Scholars or pedants. What are autistics more likely to be?
In a science book I'm reading about the history of life on Earth before the first appearance of homo sapiens , the author distinguishes between scholarship and pedantry.
He writes:
Scholarship at its best is about adding to knowledge, and the scholar remains for ever a student, even as he or she acquires more knowledge of their field than anyone else alive. Such people nearly always remaim humble in the face of what they still do not know, for above all they understand that the task of comprehending history, or even enumerating its facts, is altogether impossibly huge. [...] The pedant, by contrast, acquires a detailed knowledge of some small thing, and then proceeds to round upon any person bold enough to infrionge his small area. Rather than being in awe of history, he denies the magnitude of the task to hand by small-mindedness, by guarding some small piece of the past with pettifogging pickiness, ardent to assert his command of every last footnote and detail.
Does the autistic tendency to perseverate on a particular subject make autistics more likely to be pedants than scholars?
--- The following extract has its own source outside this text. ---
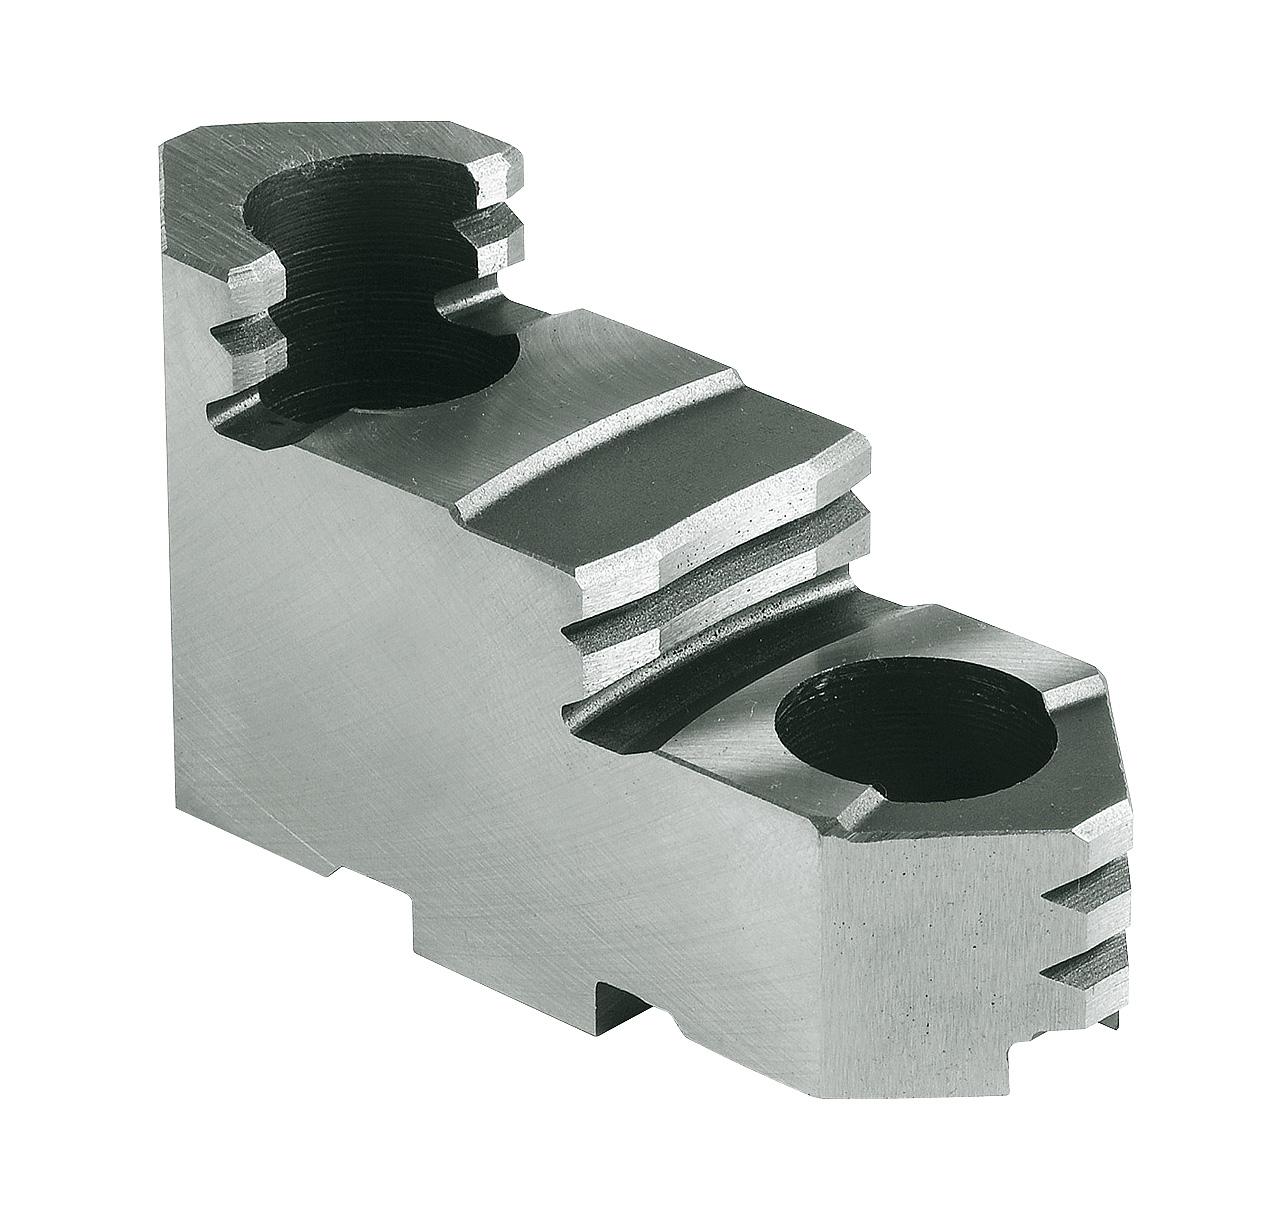 Szczęki górne twarde - komplet DTJ-DK12-250 BERNARDO

Of course one can acquire a detailed knowledge of a particular subject, but still have the humility of the scholar.
I think what the author is talking about there, is the type of person who becomes such a self-appointed expert in his field, that as new information comes in, he refuses to adapt his old notions to accept the new data. The old fashioned "If man were meant to fly, he'd have been born with wings" sort of physicist.
I've read that it takes a full generation among scientists of any field for any radical new theoretical model to be fully accepted, because the existing school of pedantry has to literally die off in order before the stubborn refusal to even look at new ideas can be overcome.
Aspies have issues with sudden change in their social environment, but I don't know that that would make them any more or less resistant to new ideas in their fields of interest than anyone else. I'm always interested in hearing new ideas and possibilities in a field that fascinates me, but ultimately they have to pass the BS test.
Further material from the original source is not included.